Culture doesn’t have to cost in the UK. Since 2001, entry to state museums is free and nowhere has a better concentration of them than London, the capital, and they cover everything from art to science.
Dominating the Bloomsbury area, with over 900,000 square feet of culture, this is Britain’s biggest and most potent museum. The Elgin Marbles, bought by the British government in 1816 remain controversial – and a big draw – but the Museum has eight million objects to curate, including the 196BC Rosetta Stone, vital in deciphering Ancient Egyptian hieroglyphs and significant Egyptian and Chinese collections.
The Greek government may want the Elgin Marbles back but they’re a significant draw for the British Museum. Photo credit: Graham Barclay/Bloomberg News
Less visited but worth seeking out are the museum’s collection of drawings, including Raphael and Gainsborough. The space given to temporary exhibitions can seem small, but the scope of the main collection makes this easy to forgive.
Pole position in London, the National Gallery is at the very centre of the Trafalgar Square. Started in 1824 and regularly refreshed through the centuries by strategic purchases and donations from the collections of impoverished aristocrats, the cut-off date for art works is 1900 (after which you need to visit Tate Modern or Tate Britain). Still, there’s plenty left to enjoy including a cluster of Leonardo Da Vincis, Botticelli and a superb capsule collection of Post-Impressionists, including Monet, Cezanne, Van Gogh’s Sunflowers and Seurat’s Bathers at Asnieres.
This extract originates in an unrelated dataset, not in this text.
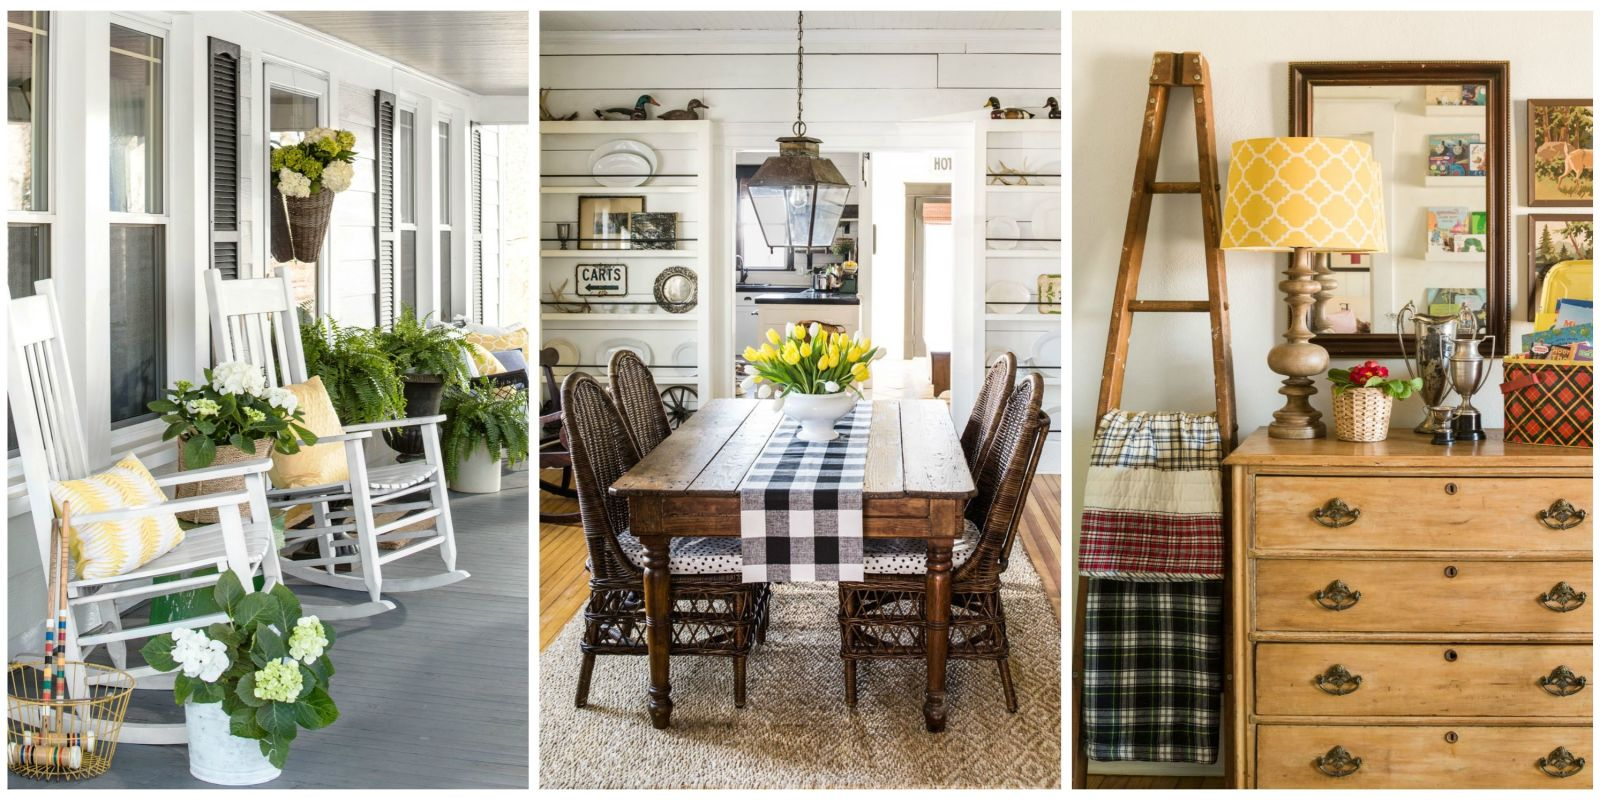 Fullsize Of Country Homes Design Ideas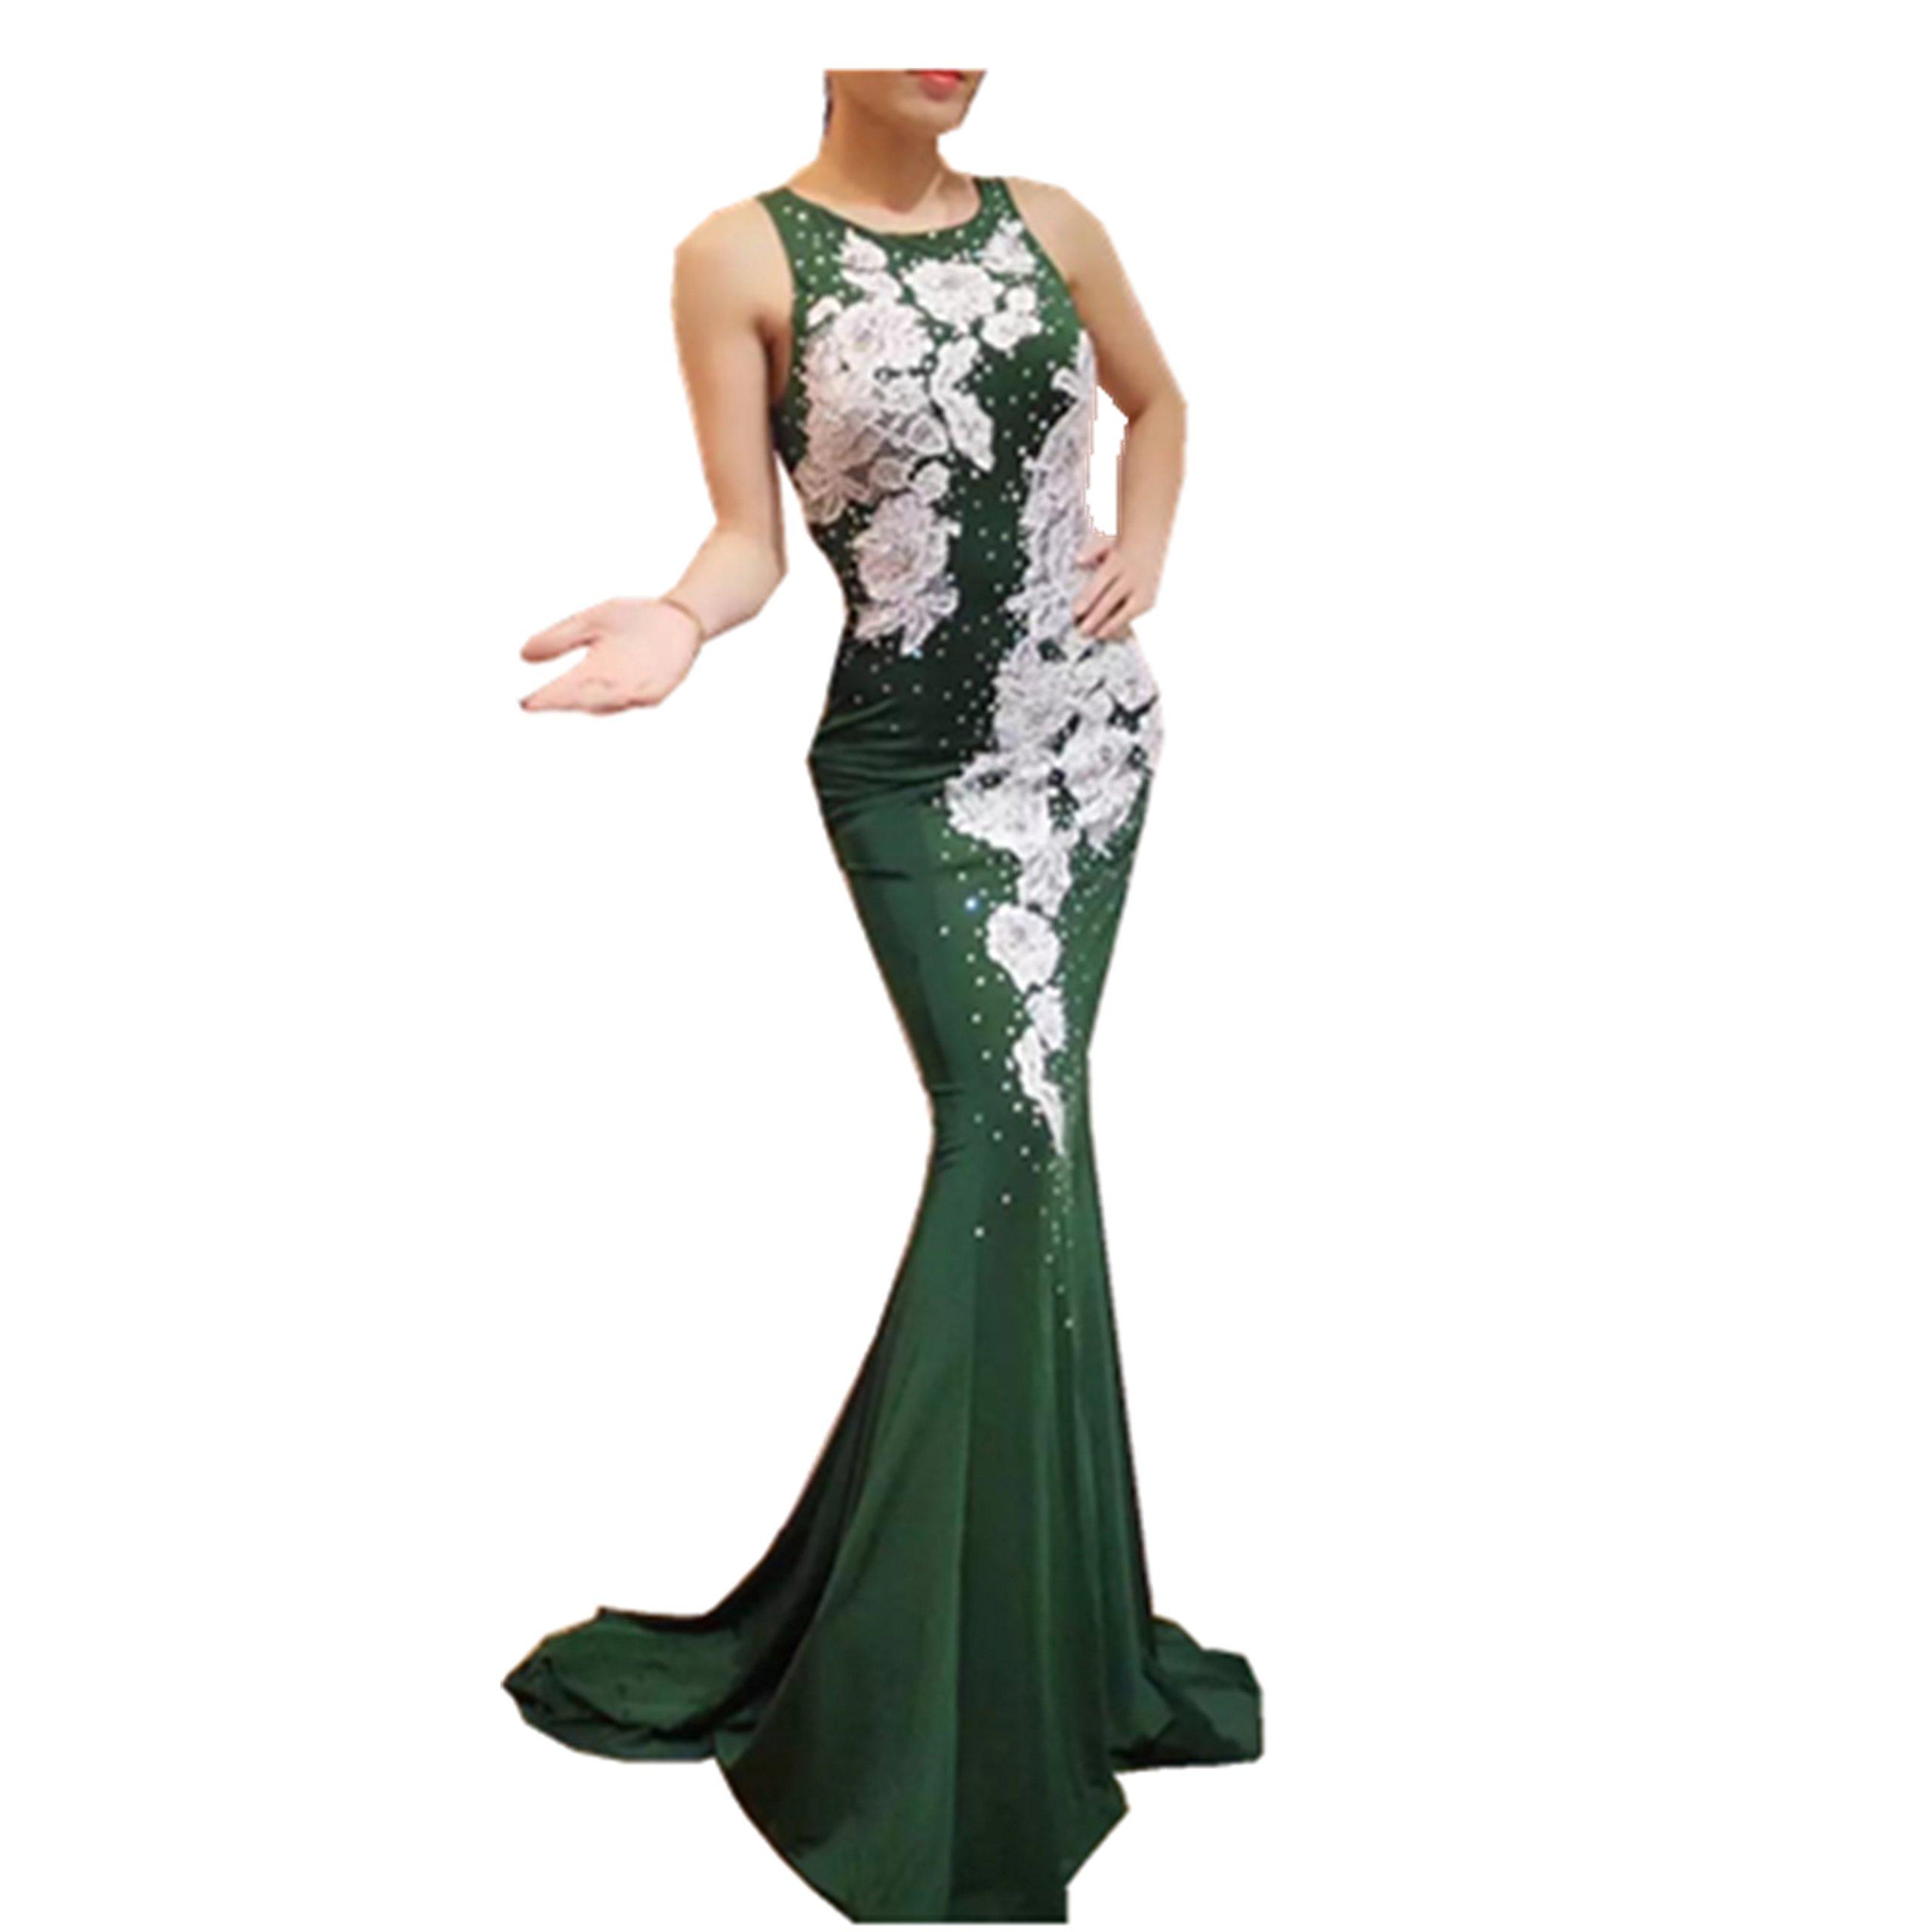 Gypsophila Women Fishtail Lace Beading Sleeveless Mermaid Evening Dress (4, Green) by Gypsophila

South Kensington is London’s Museum Mile, and this is at its heart. A Victorian temple to learning, it was built by Alfred Waterhouse and now displays skeletons and fossils alongside expert talks at the Darwin Centre. In the central hall from this summer, Dippy, the much-loved model of a Diplodocus carnegii which was donated by Andrew Carnegie, will be replaced by a 25-meter skeleton of a blue whale found near Wexford in Ireland. A classic museum for rainy days; often packed with school trips; come close to closing time to a quieter experience. Late night programmes bring the museum alive for adults with silent discos mixed with light learning.